What is expected:
The output should contain the listing word for word and no pictures.

==== Data section ====

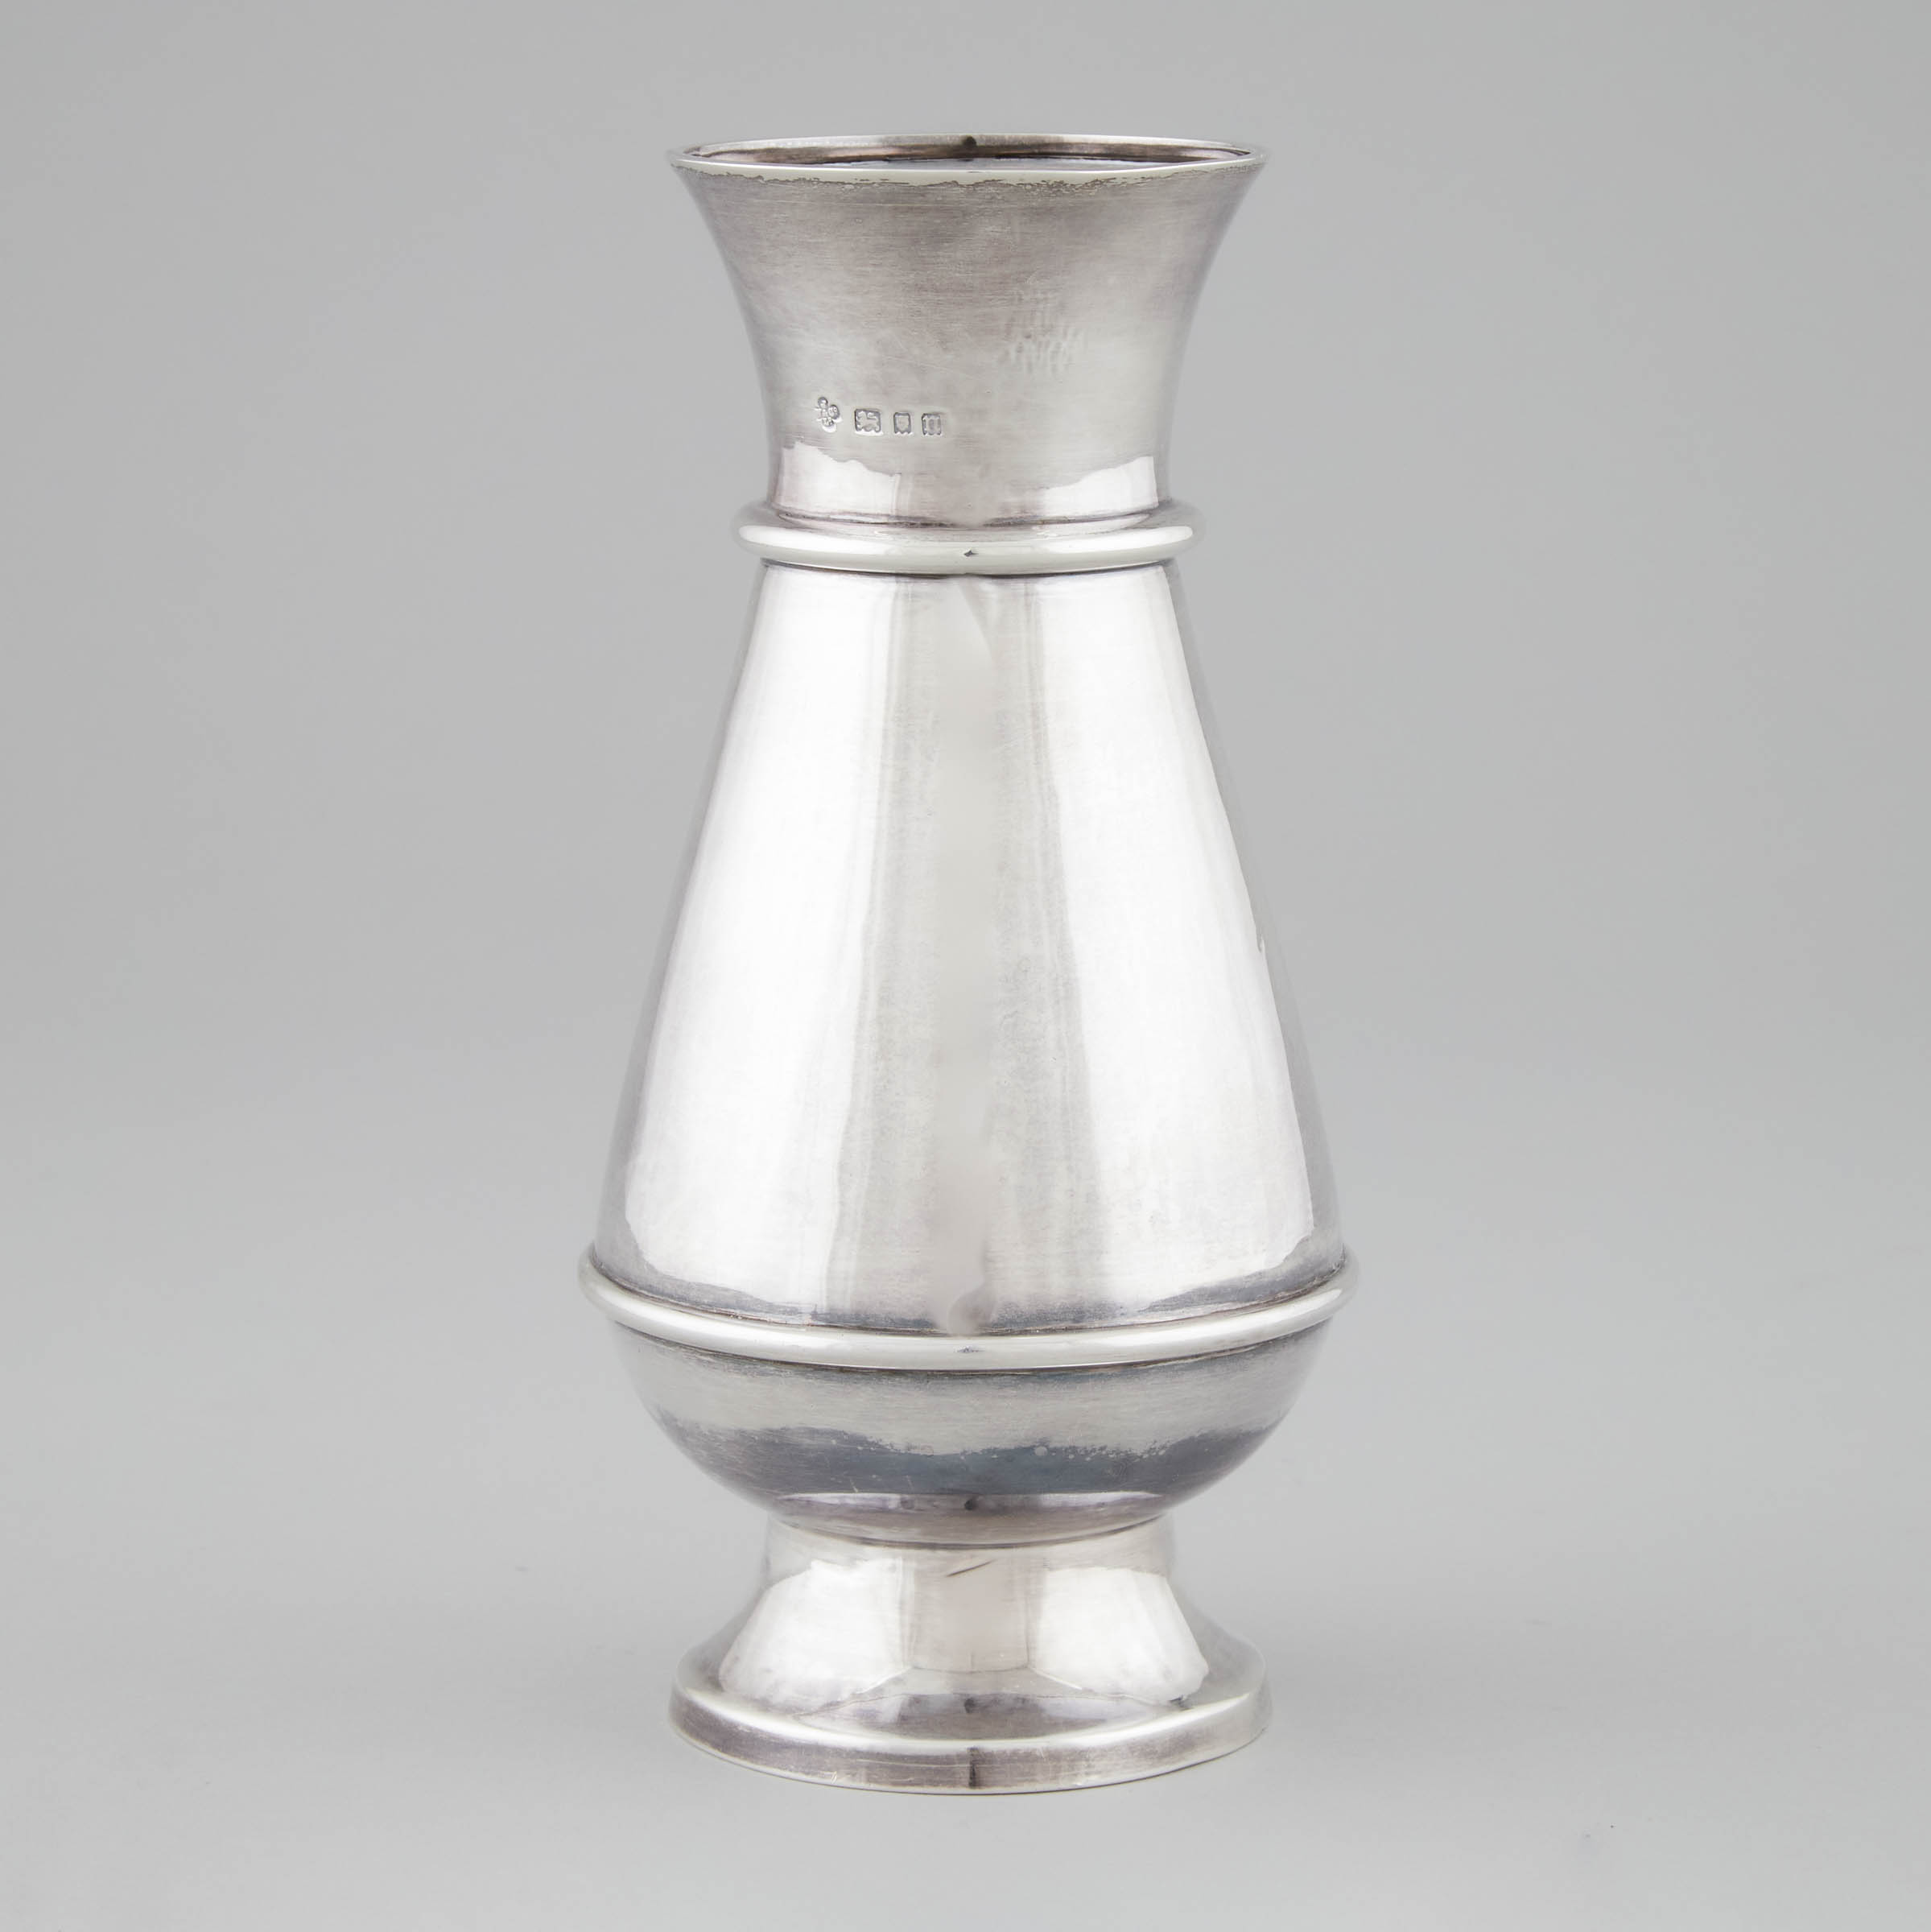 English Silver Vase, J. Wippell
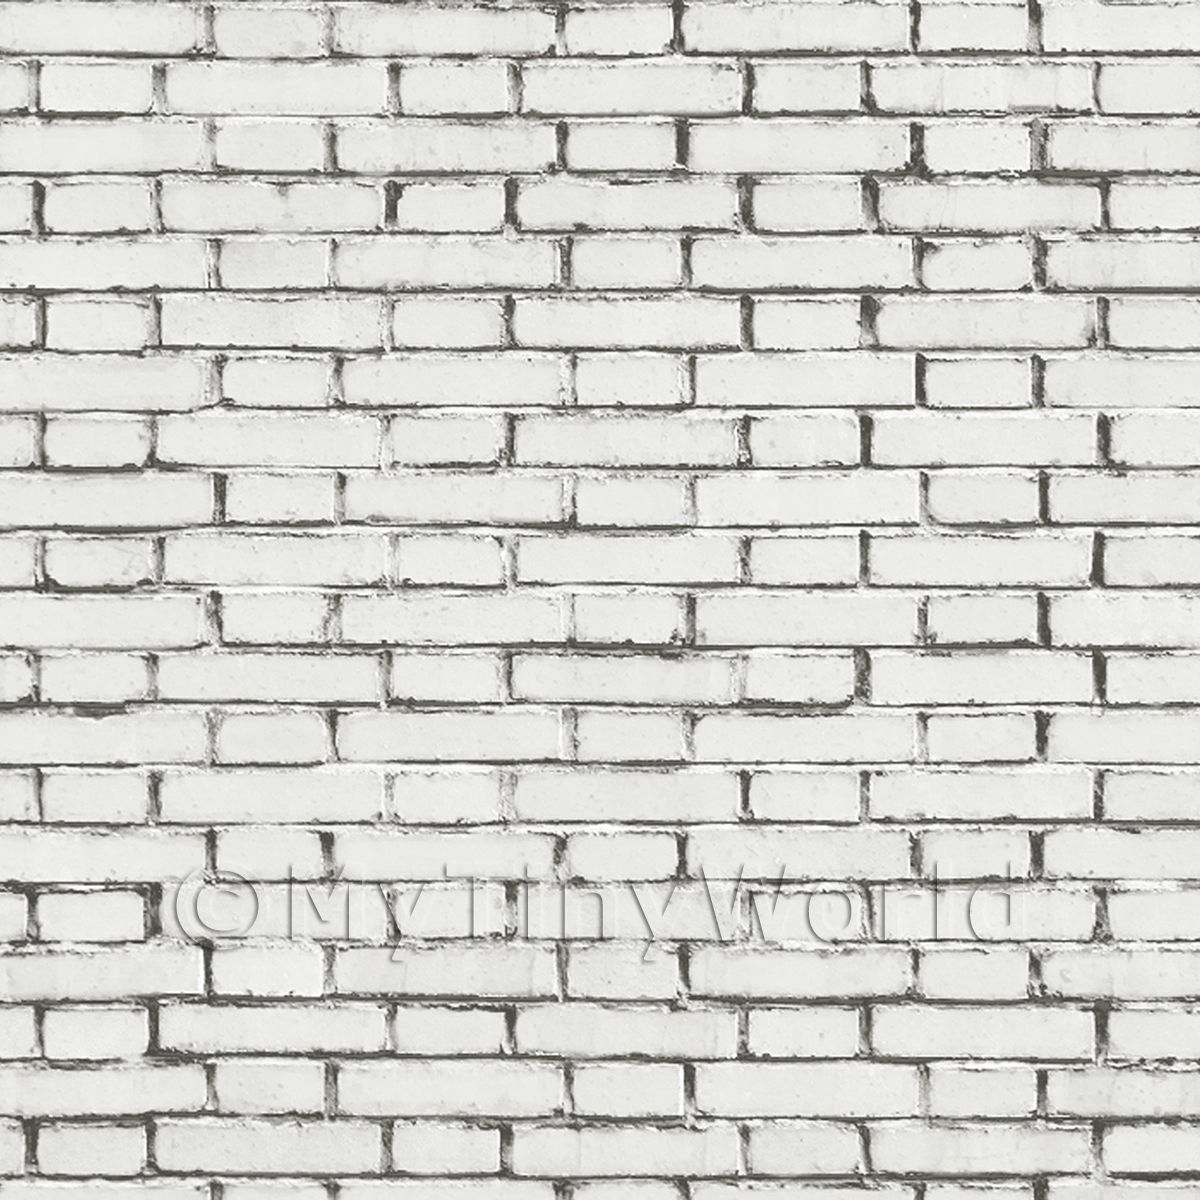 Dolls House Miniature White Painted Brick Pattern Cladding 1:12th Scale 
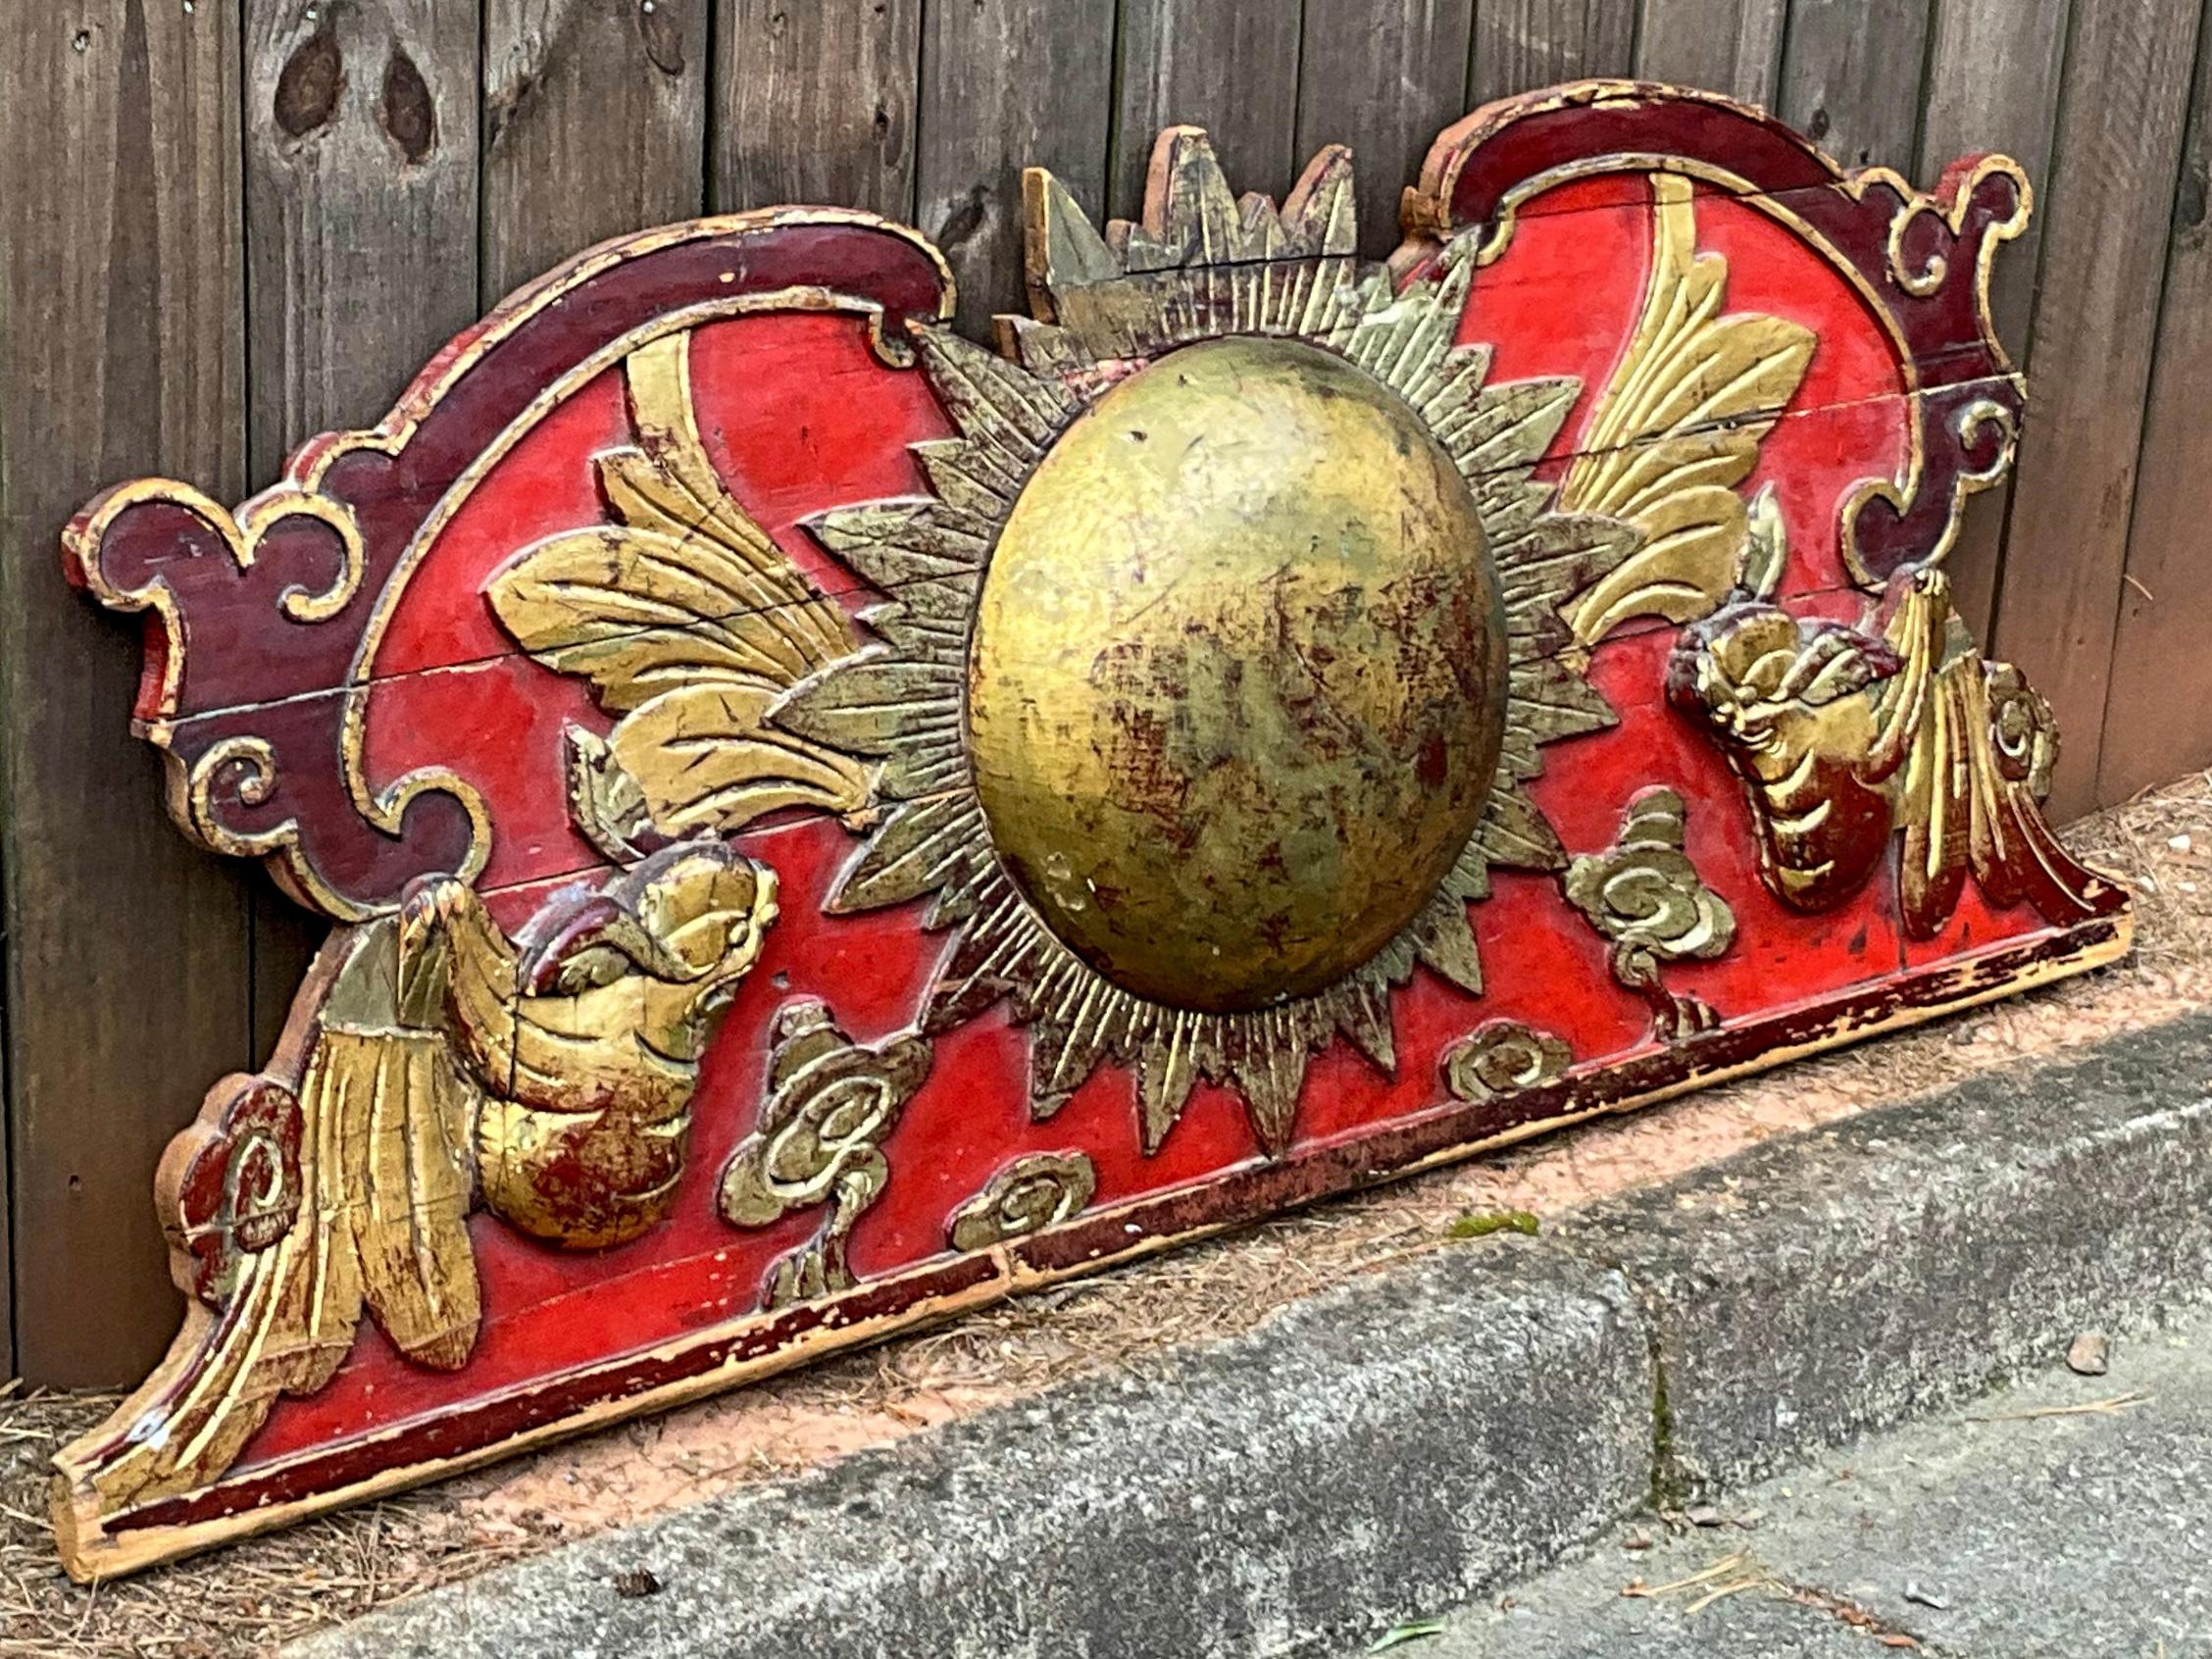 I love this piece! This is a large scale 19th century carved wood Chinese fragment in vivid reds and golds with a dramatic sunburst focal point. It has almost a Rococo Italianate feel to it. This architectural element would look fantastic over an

====

Solution to the exercise:
 English Silver Vase, J. Wippell
 Dolls House Miniature White Painted Brick Pattern Cladding 1:12th Scale 
 I love this piece! This is a large scale 19th century carved wood Chinese fragment in vivid reds and golds with a dramatic sunburst focal point. It has almost a Rococo Italianate feel to it. This architectural element would look fantastic over an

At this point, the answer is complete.